Xilinx / llvm-aie

Fork of LLVM to support AMD AIEngine processors
Other
103 stars 12 forks source link

Support for software pipelining in pragmas. #126

Open aidansander opened 3 months ago

aidansander commented 3 months ago

I'm compiling a simple kernel using peano. Manually software pipelining the attached kernel (dut_pipelined.cc) yields considerable speedup compared to using pipelining pragmas (dut_pragma.cc). Without manual pipelining, the produced assembly does not pipeline and the kernel runs in ~1800 cycles. With manual pipelining, the kernel runs in ~1000 cycles. The clang loop min_iteration_count and max_iteration_count pragmas have no effect on the produced assembly. dut_pragma.cc dut_pipelined.cc

konstantinschwarz commented 3 months ago

Hi @aidansander, could you also provide the lut_based_ops.h header to be able to reproduce your results?

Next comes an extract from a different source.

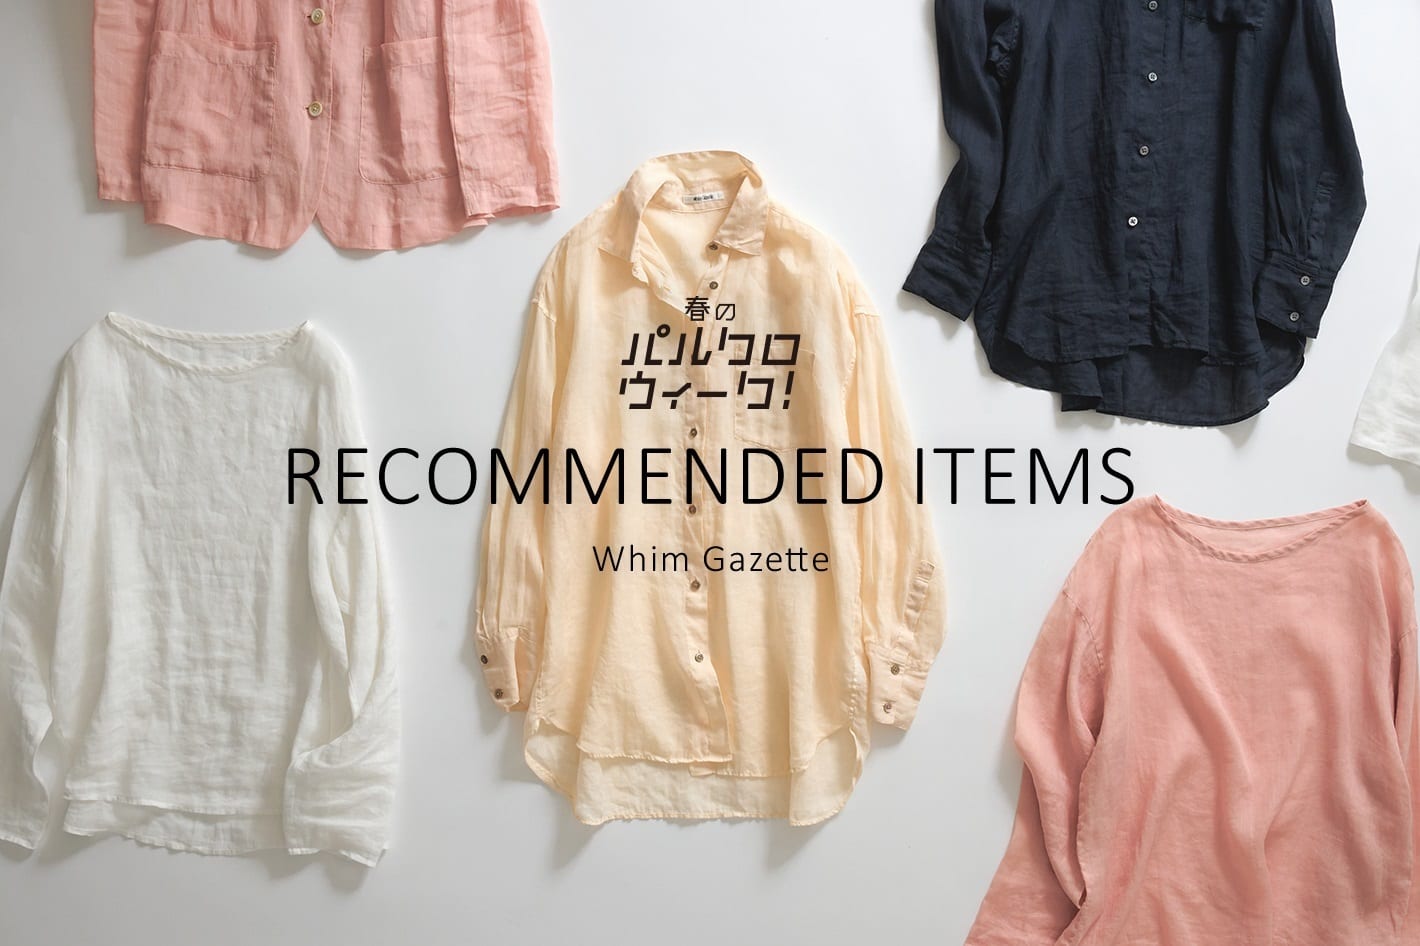 Whim Gazette 『パルクロウィーク』 RECOMMENDED ITEMS 第2弾！！
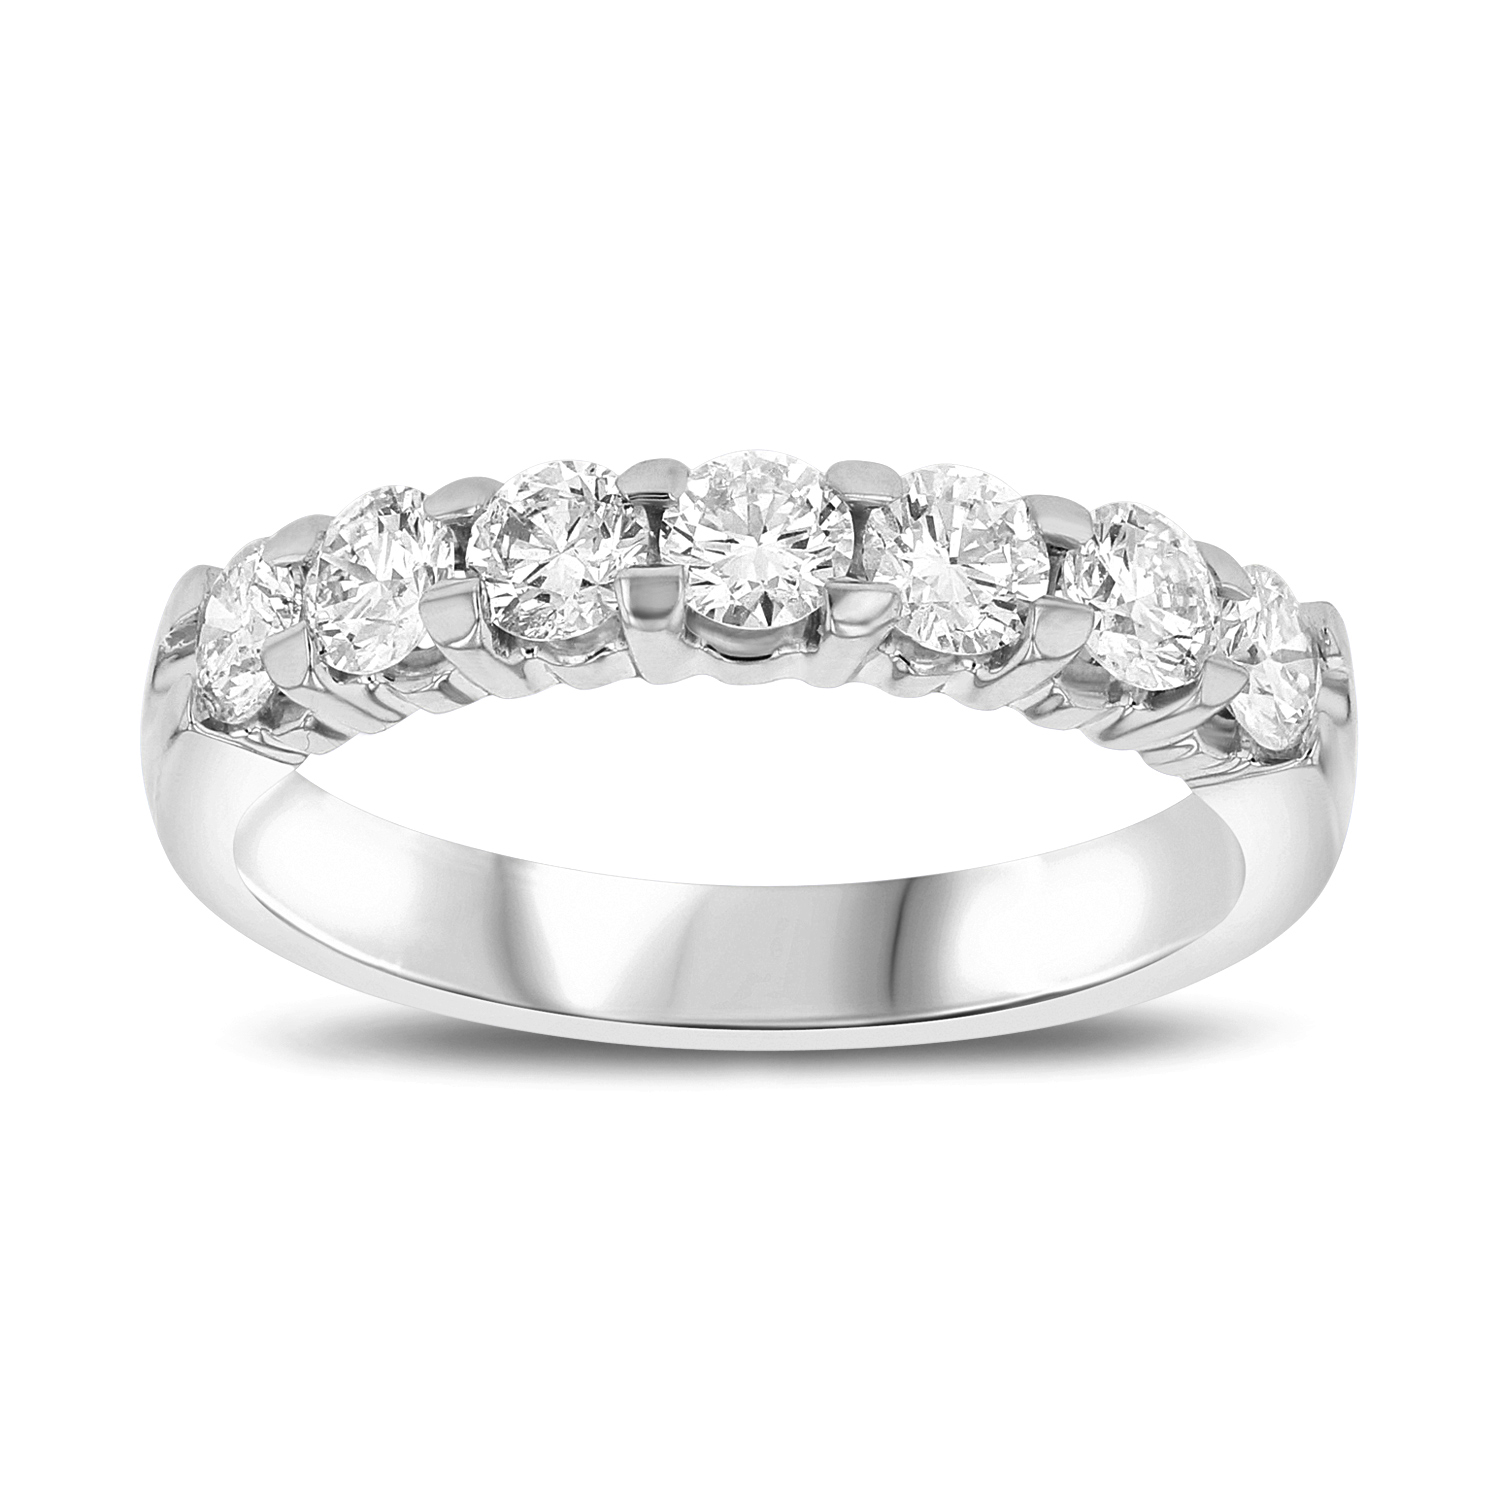 View 1.00ct tw 7 Stone Round Diamonds Shared Prong Anniversary or Wedding Band 14k Gold Bridal Ring H-J, SI

aidansander commented 3 months ago

Sure thing. lut_based_ops.h and lut_based_ops.cpp (which holds the LUT values) are both included from here. I'm running the kernel using llvm-lit on some tests. The manually pipelined and loop pragma tests have the steps I used to run and measure the cycle count.

konstantinschwarz commented 3 months ago

Thanks! One thing to consider: LoopUnroll runs before MachinePipeliner, i.e. if you completely unroll the loop (through #pragma unroll), there is nothing to do for the pipeliner.

There are a few things we are still lacking though to get this software pipelined:

With these tweaks, I could get a SWP loop with 23 cycles. It should be possible to further improve on that. FYI @gbossu @martien-de-jong @andcarminati

konstantinschwarz commented 2 months ago

Update: 1. & 2. have been resolved. Last point - MachineMemOperands for VLDB.4x instructions - still needs to be done.